Shaking table study on the seismic dynamic behavior of high-speed railway subgrade with pile network composite-reinforced soil

Abstract

Pile network composite structures are used in the construction of high-speed railway subgrades. There have been few studies on their seismic dynamic response, however, which has restricted the accurate evaluation of their seismic performance. In this study, a series of shaking table tests on a pile network composite-reinforced soil high-speed railway subgrade were conducted. Particle image velocimetry was used to analyze the slope motion and sensor data to evaluate the overall dynamic response characteristics of the subgrade.
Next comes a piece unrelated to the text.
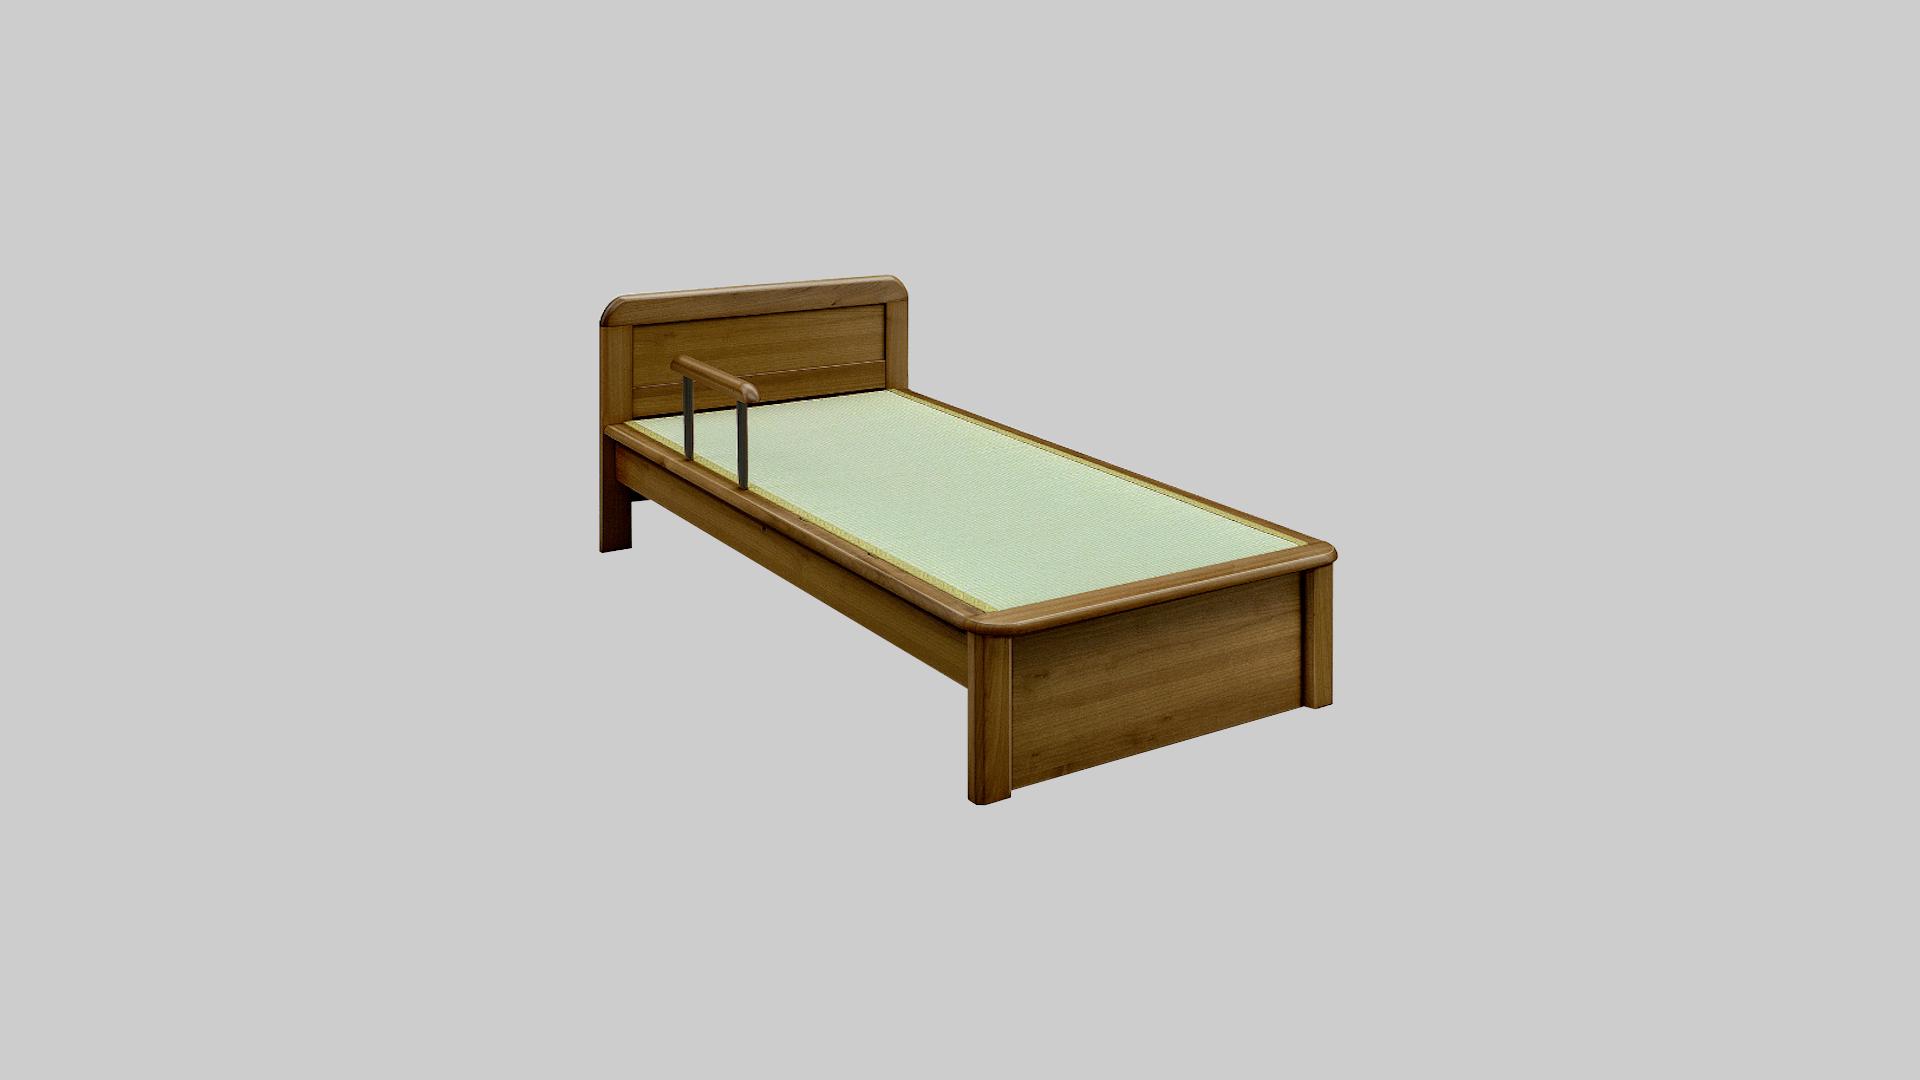 木製ベット12 イメージ

Findings indicate that seismic activity causes subsidence throughout the subgrade, with deformations occurring in three distinct phases depending on the input seismic amplitude from 0.1 to 0.4 g (slow increasing), 0.4 to 0.6 g (faster increasing), and 0.6 to 1.0 g (rapidly increasing). The inclusion of geogrids aids in dissipating seismic energy, thereby reducing the peak acceleration amplification along the elevation. The increased dynamic soil pressure of the subgrade is mitigated by the geogrid reinforcement, which improves local stability. Moreover, the geogrid strain escalated with greater seismic wave amplitudes, resulting in the progressive expansion of the unstable zone from the slope towards the center of the subgrade as the elevation increased.